The Chancellor's expected announcement tomorrow of the first scheme signals the start of the process, which will lead to the private sector building hospitals worth nearly pounds 1bn to be leased back to the NHS.

The Leeds deal, struck with Medipark, a consortium whose members include the Charterhouse Bank and the builders Laing, will include an 80-bed patient "hotel" of which 35 beds will initially be run as a private patient unit. Medipark will pay St James's (known locally as Jimmy's) a royalty on the turnover it attracts.

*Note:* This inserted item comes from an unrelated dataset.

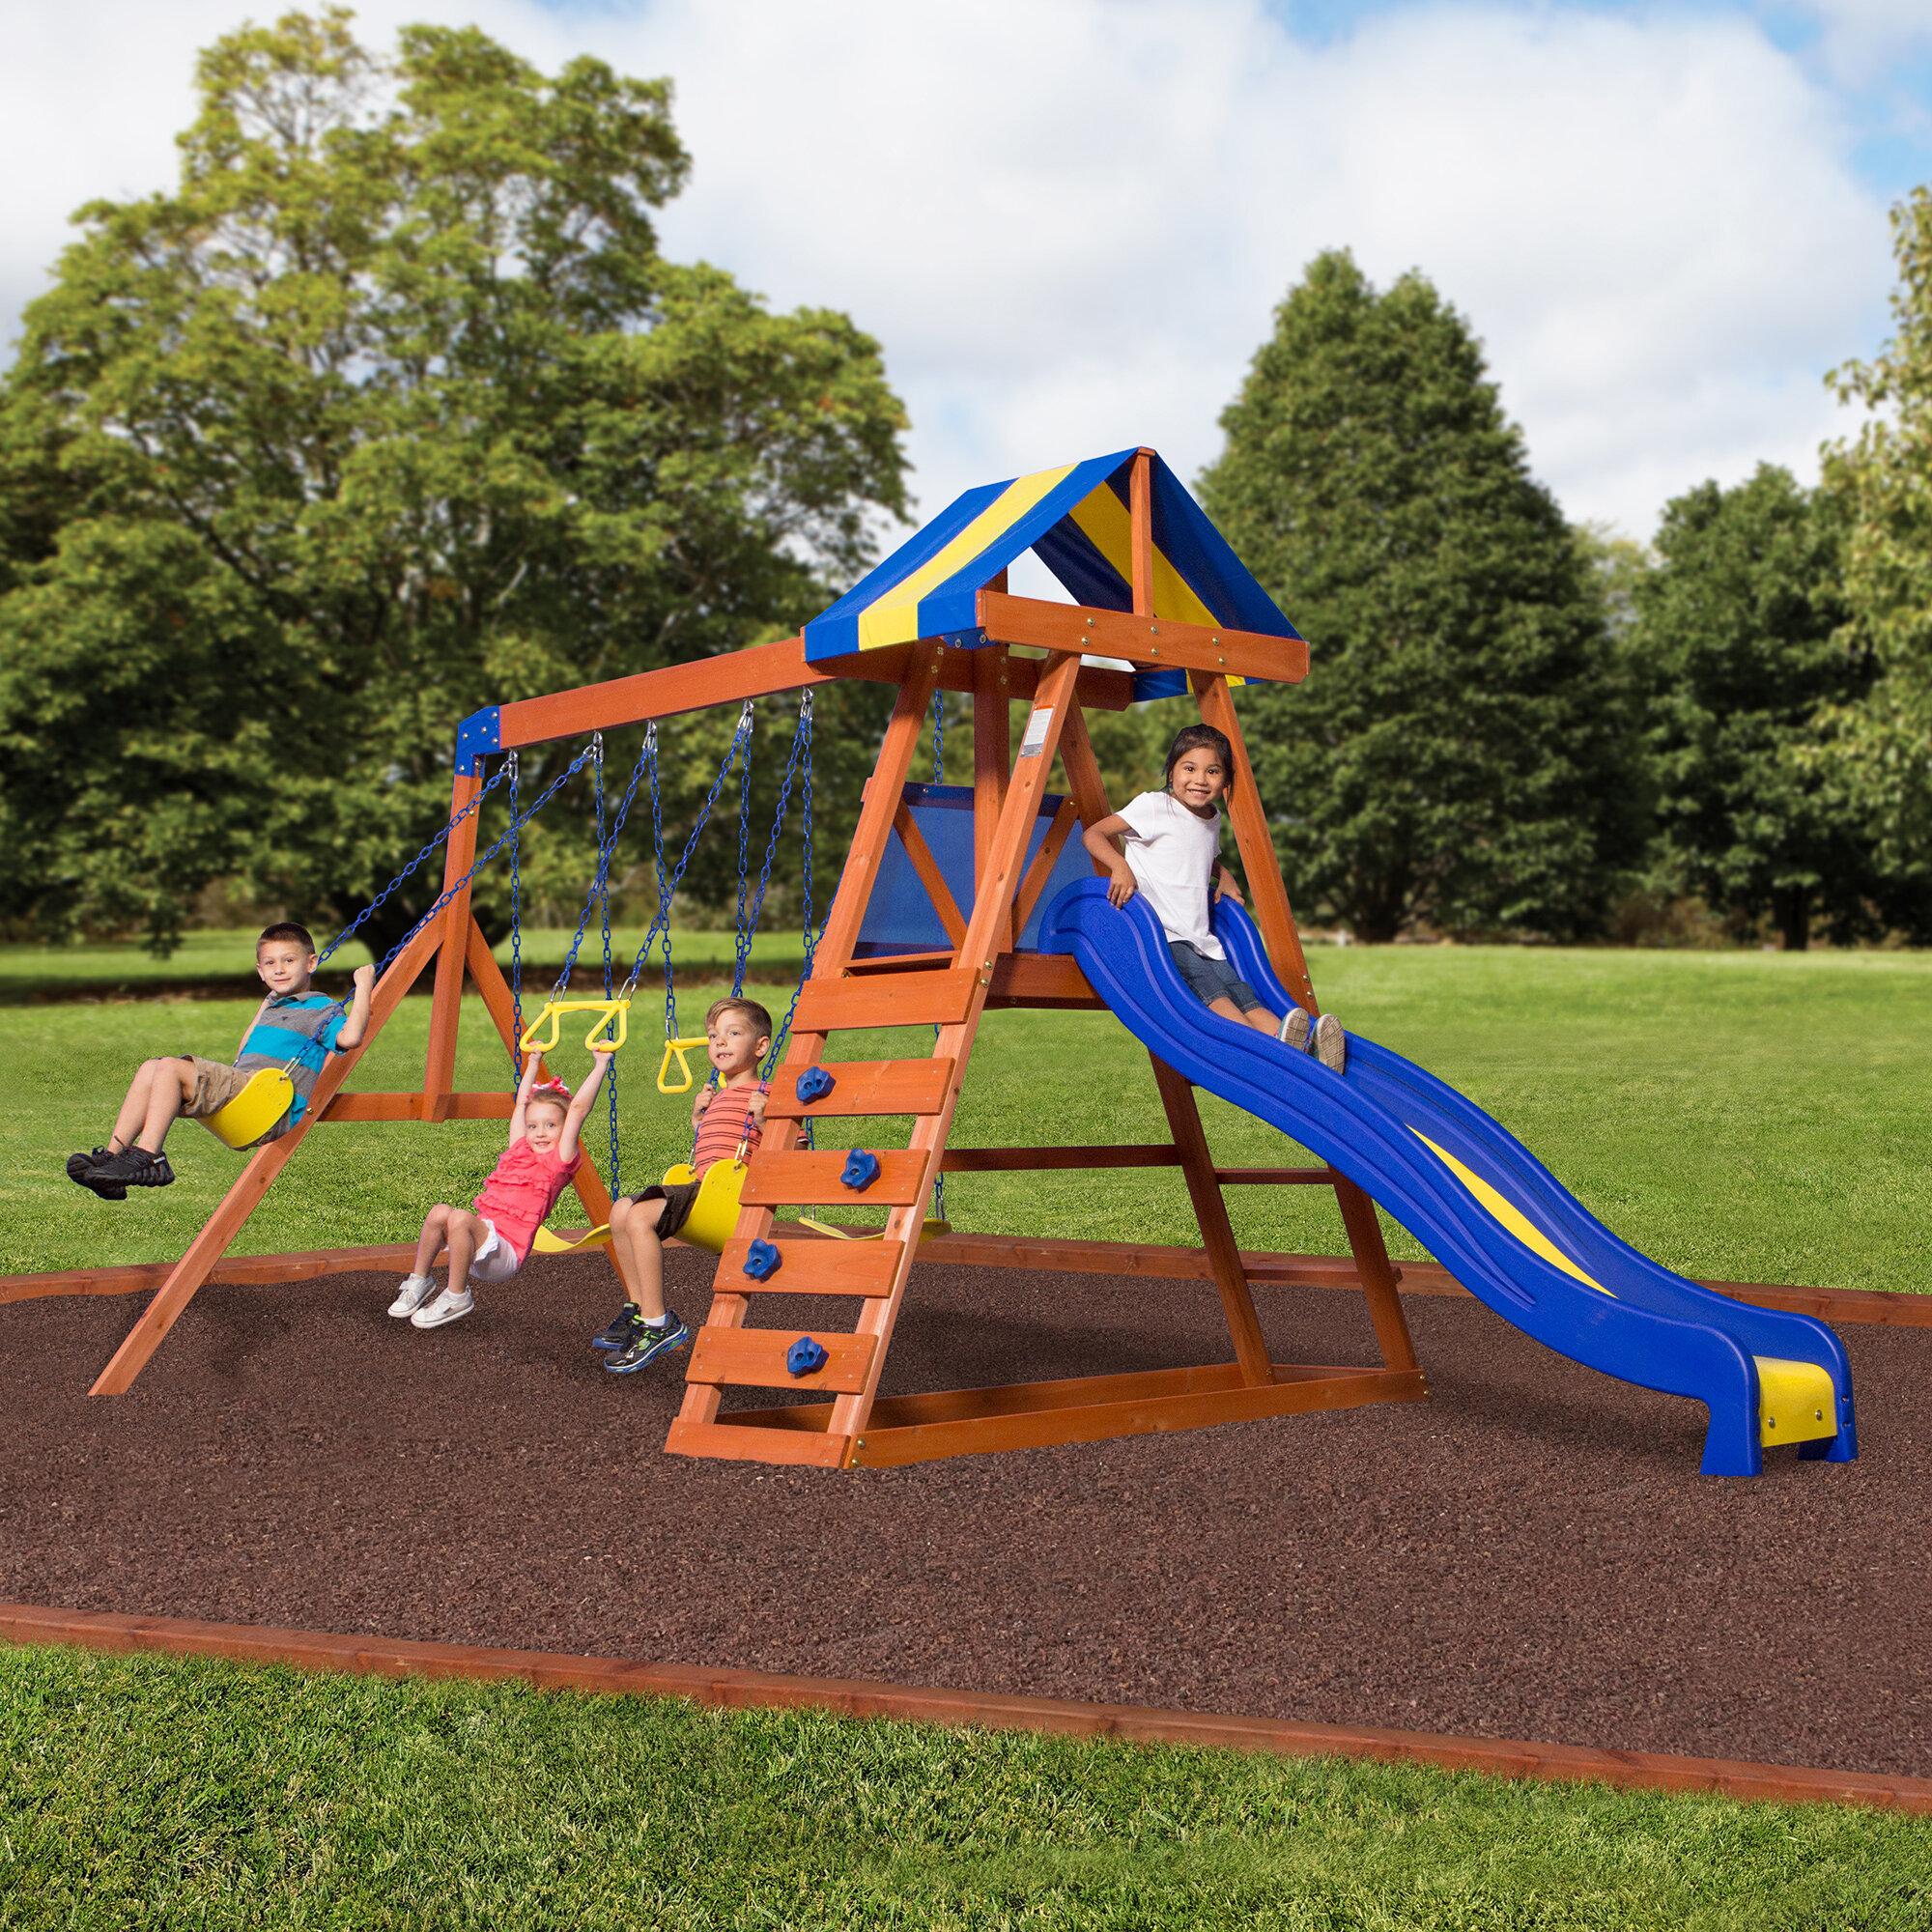 Backyard Discovery Dayton All Cedar Swing Set Reviews Wayfair

The South Bucks scheme includes replacing Second World War hutted wards at Amersham General Hospital which were built in 1940 and whose replacement was first promised by Enoch Powell when he was Minister of Health in 1963. Subsequent redevelopment plans have been repeatedly cancelled.

Mr Dorrell is expected to use that to back his claim that the private finance initiative means new NHS hospitals will no longer have to wait in the queue for public sector capital.

Labour may argue that the schemes will lead to privatisation but find them impossible to cancel, said Kingsley Manning, managing director of Newchurch, a consultancy which holds a database on the schemes. Projects worth nearly pounds 2bn could be in the pipeline by the general election. "If Labour does cancel them, it will either have to find pounds 2bn of capital from taxation to replace them, or it will have to tell 40 or so communities that they are not going to get the new hospital they have been promised."

Some critics, however, say it could lead to a public spending crisis. Nicholas Bosanquet, Professor of Health Policy at Imperial College, London, said growing use of commercial capital was creating a new breed of "private sector rent-seekers", with a vested interest in driving up public spending to make returns on capital they have invested.